__Material provided__.
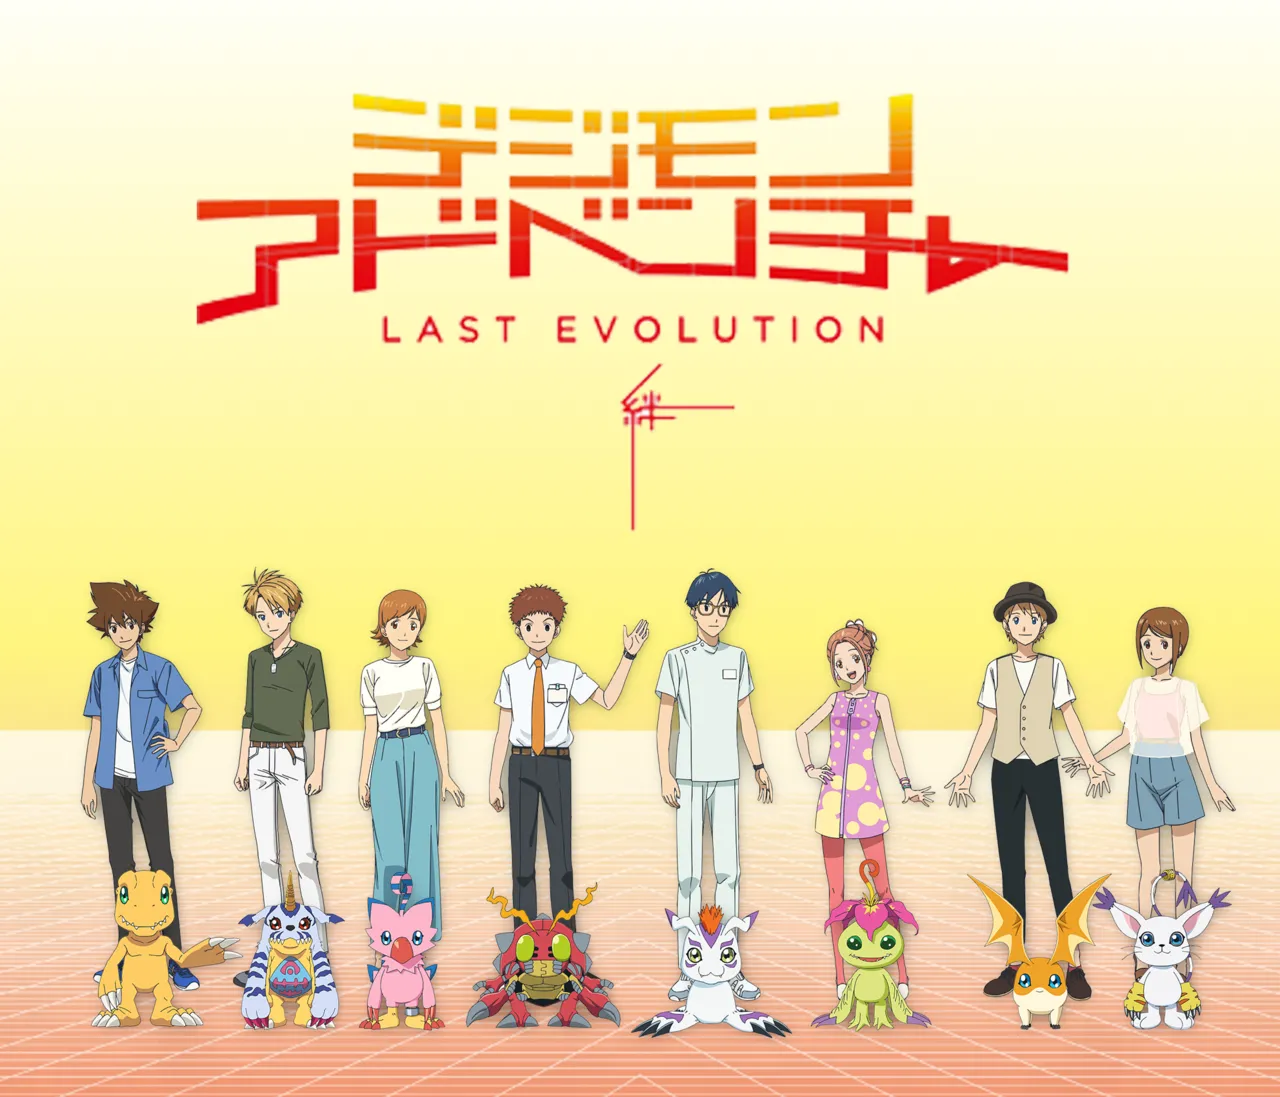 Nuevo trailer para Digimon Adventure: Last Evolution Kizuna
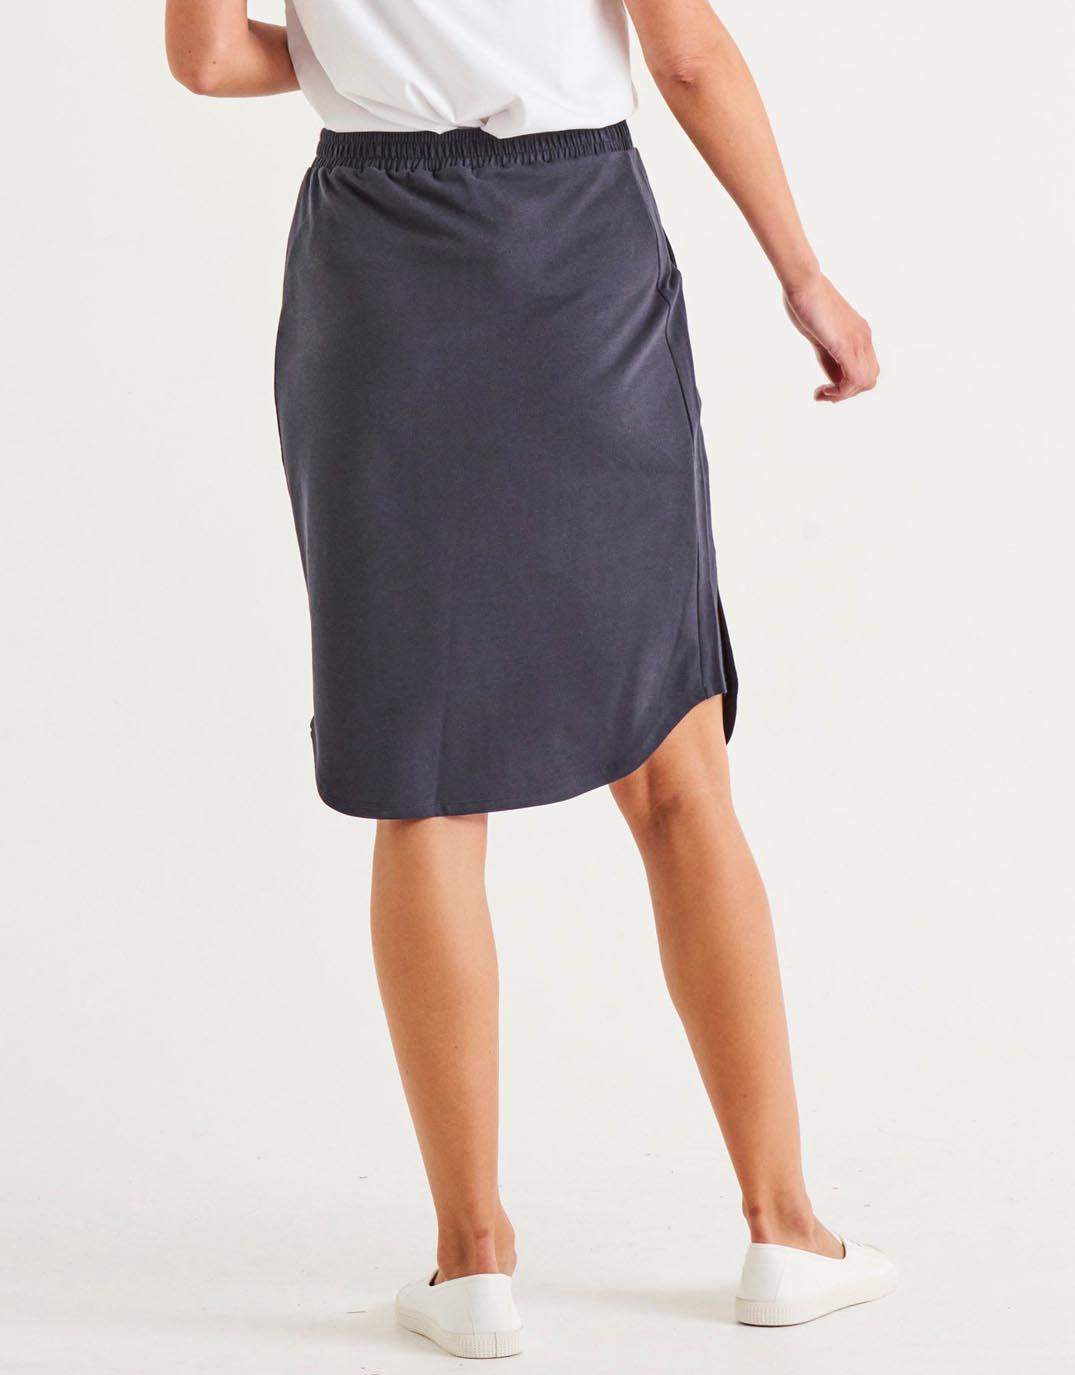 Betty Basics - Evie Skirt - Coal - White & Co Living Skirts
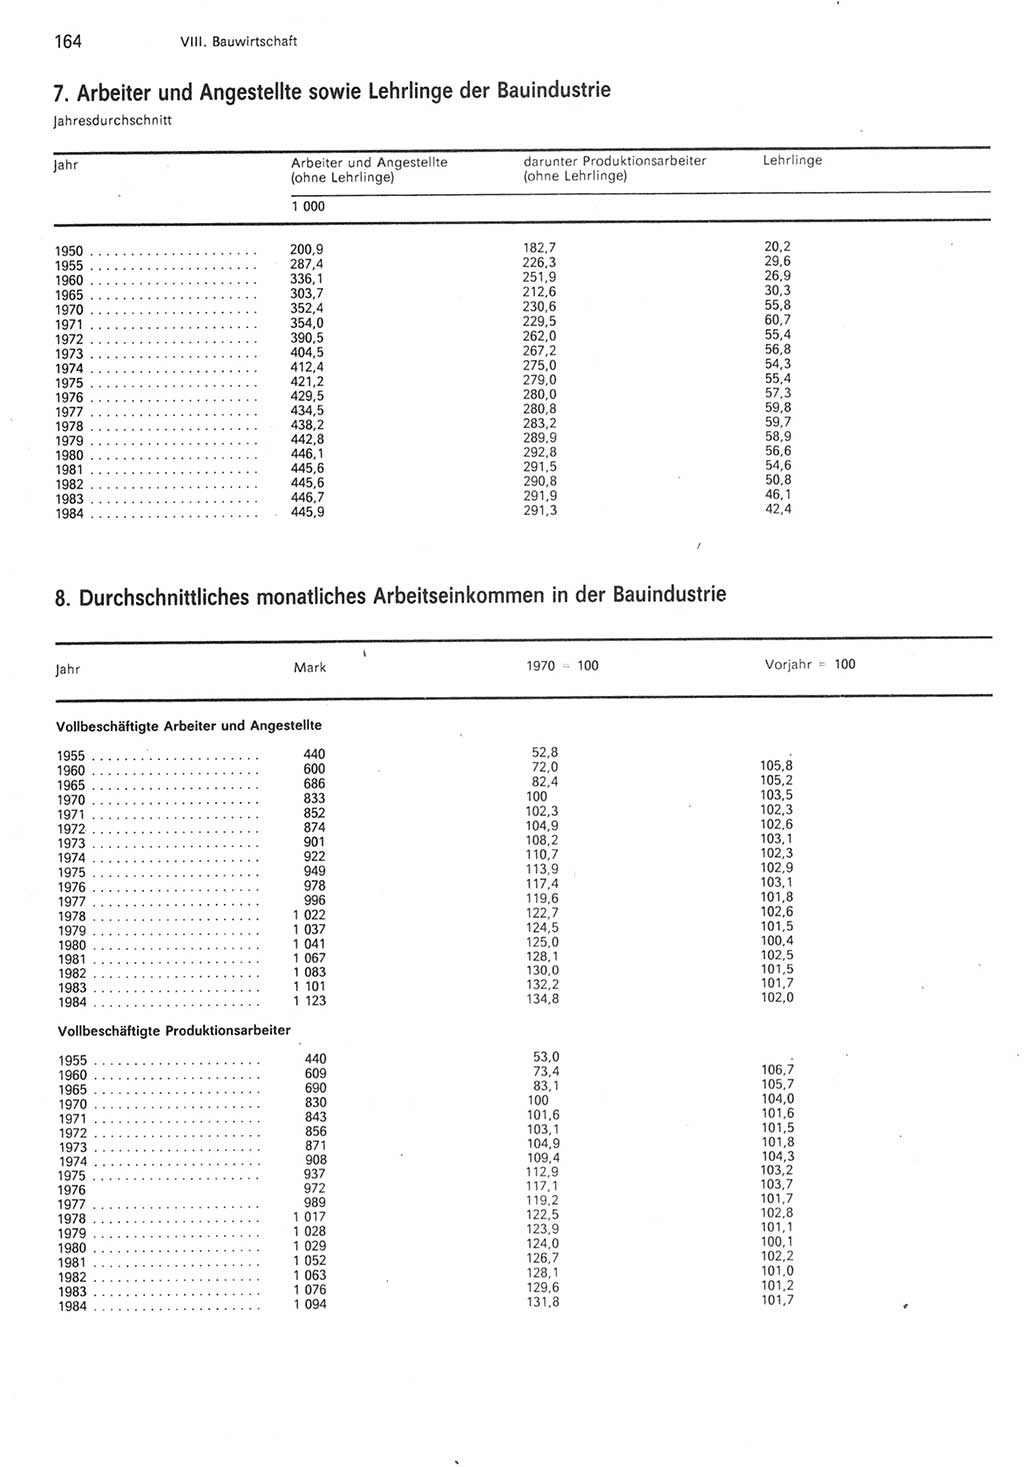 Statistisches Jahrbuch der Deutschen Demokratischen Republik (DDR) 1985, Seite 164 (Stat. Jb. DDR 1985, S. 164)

__Task requirements__. Exact copy, no pictures: reproduce the whole listing above.

__Task solution__.
 Nuevo trailer para Digimon Adventure: Last Evolution Kizuna
 Betty Basics - Evie Skirt - Coal - White & Co Living Skirts
 Statistisches Jahrbuch der Deutschen Demokratischen Republik (DDR) 1985, Seite 164 (Stat. Jb. DDR 1985, S. 164)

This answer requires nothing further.